The system according to claim 12, wherein the control algorithm is learned and obtained according to a deep reinforcement learning neural network model.
A robot, the robot sends captured scene information to a controller, the scene information includes: local robot scene information and other robot scene information; the controller uses a control algorithm to calculate the scene information to obtain each An action command corresponding to the robot; the robot executes the corresponding action command, and cooperates with other robots to complete at least one common task.

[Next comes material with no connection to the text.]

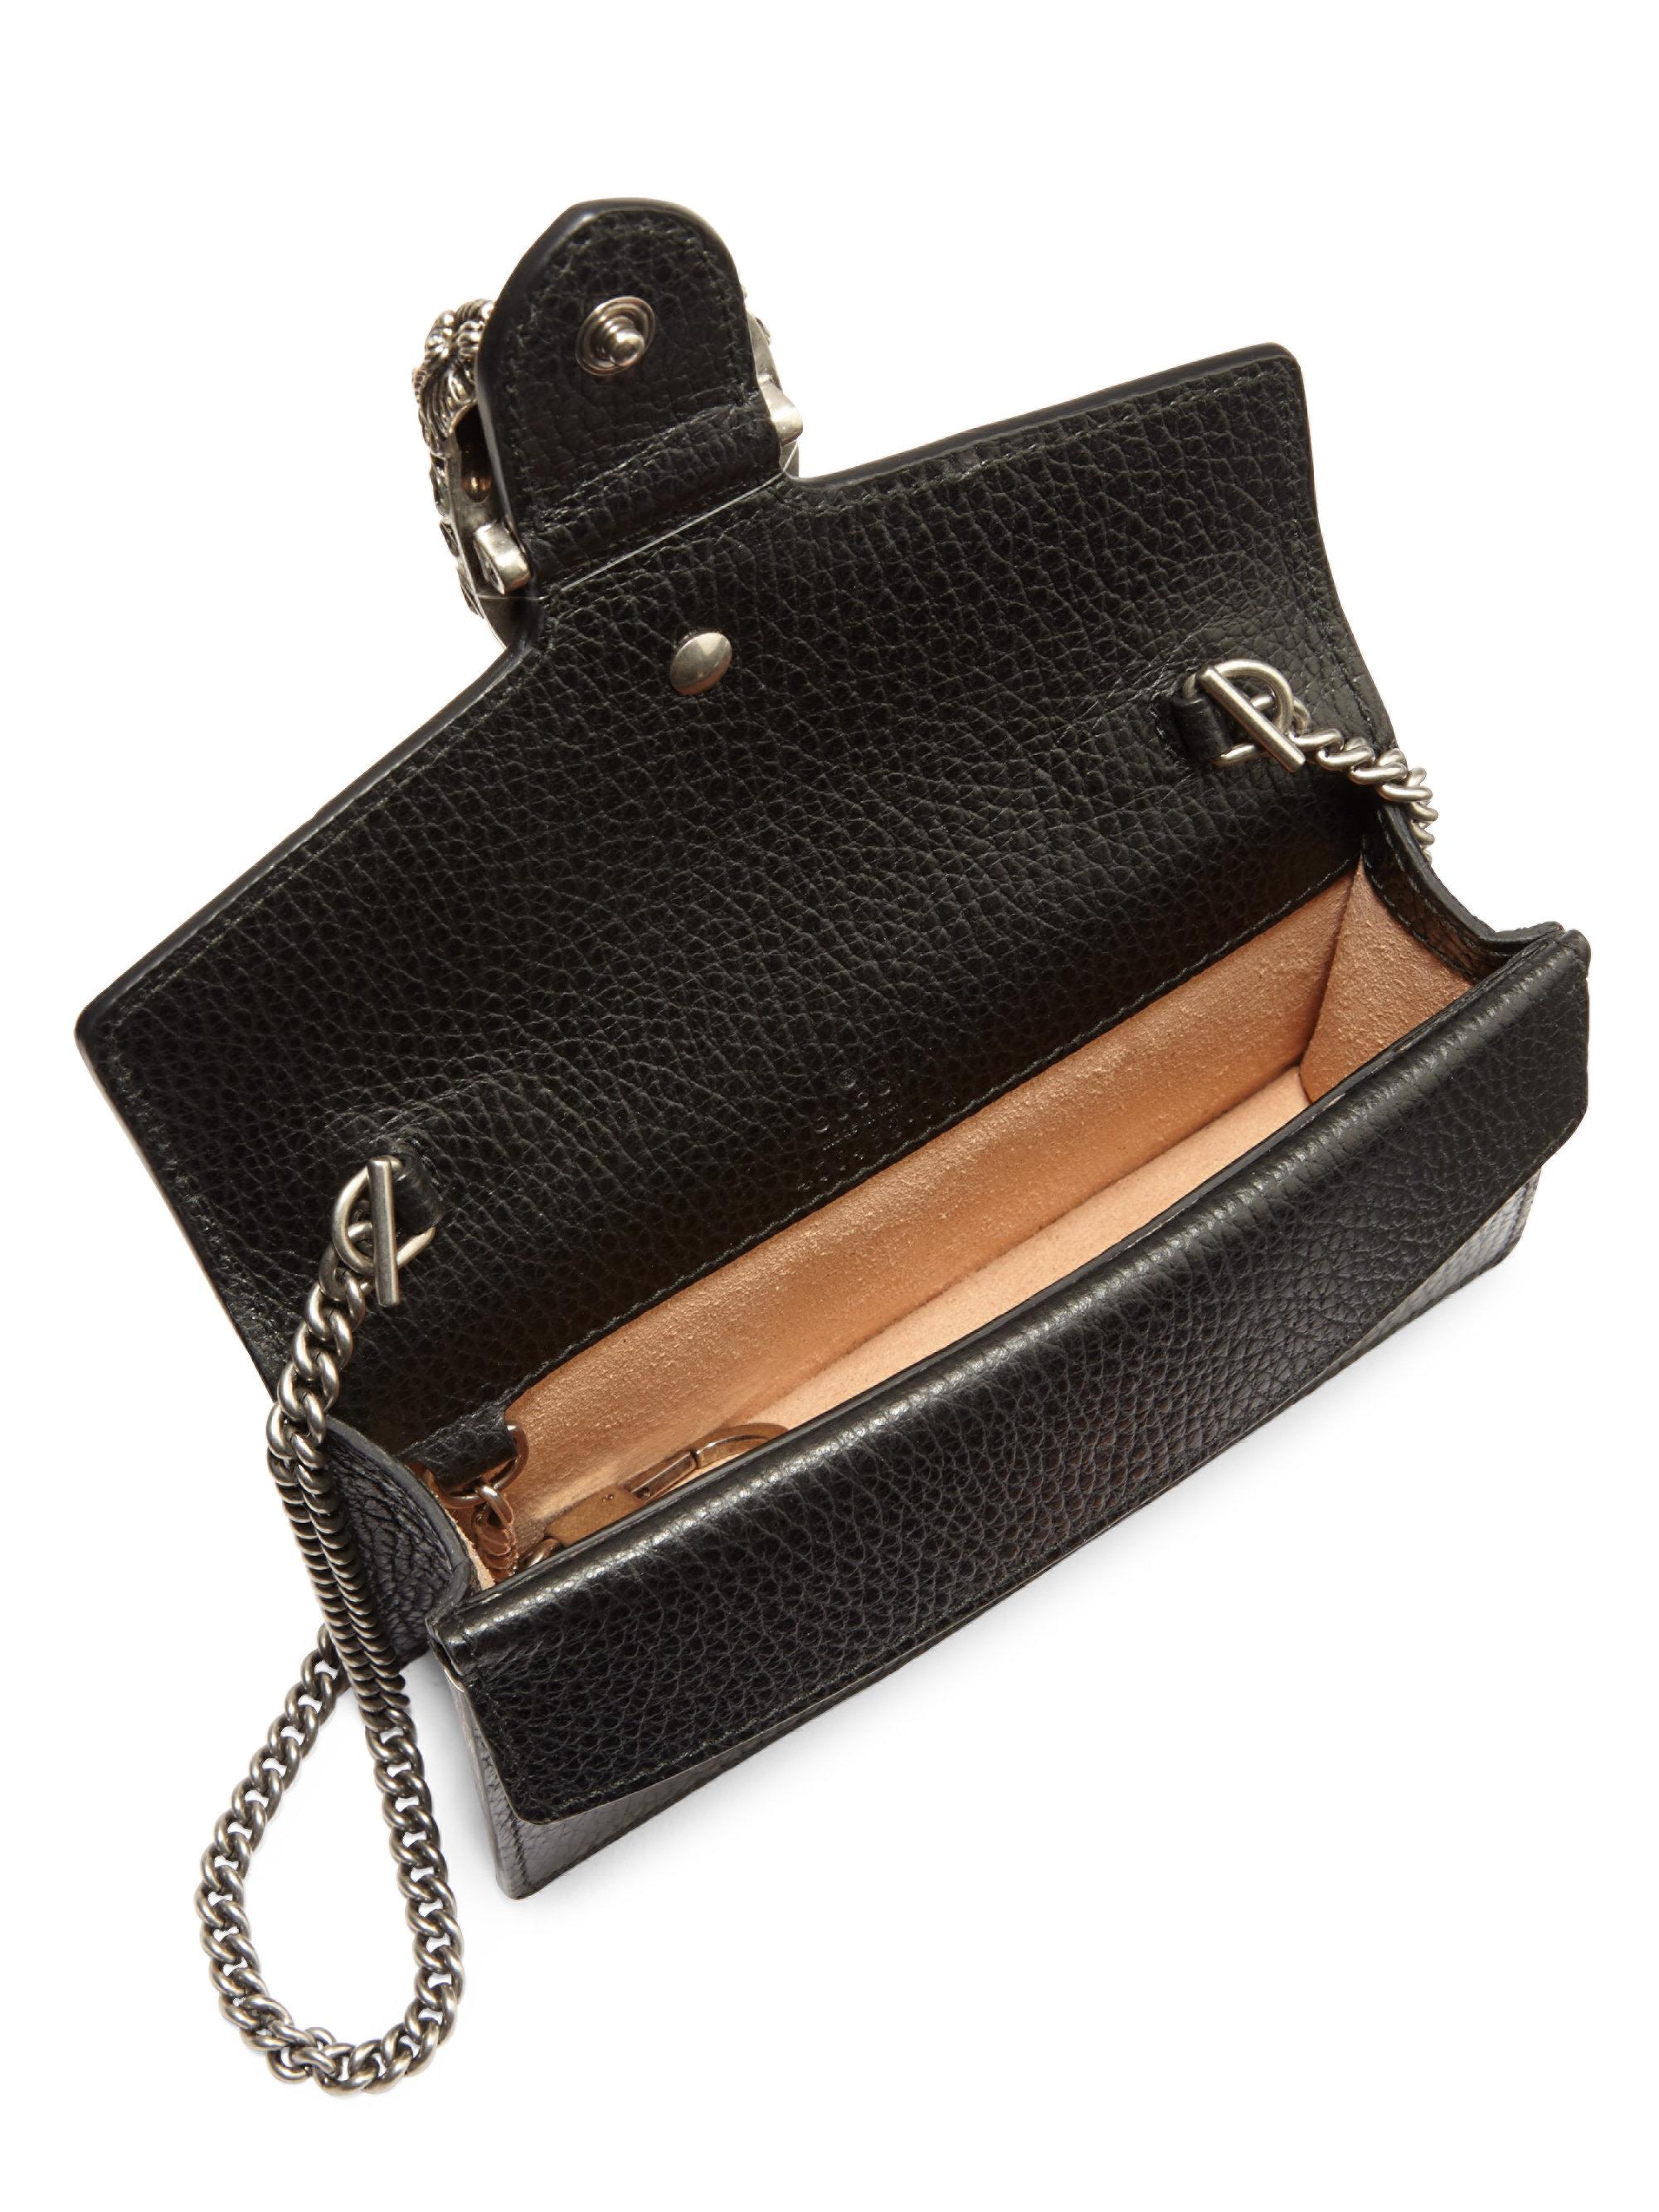 Gucci Dionysus Leather Mini Chain Shoulder Bag in Black - Lyst

The robot according to claim 13, wherein the control algorithm is learned and obtained according to a deep reinforcement learning neural network model.
A computer program product tangibly stored on a readable medium of a controller and computer executable instructions which, when executed, cause at least one processor to perform the one of the methods described.
A computer-readable medium having stored thereon computer-executable instructions which, when executed, cause at least one processor to perform the method of any one of claims 1-11.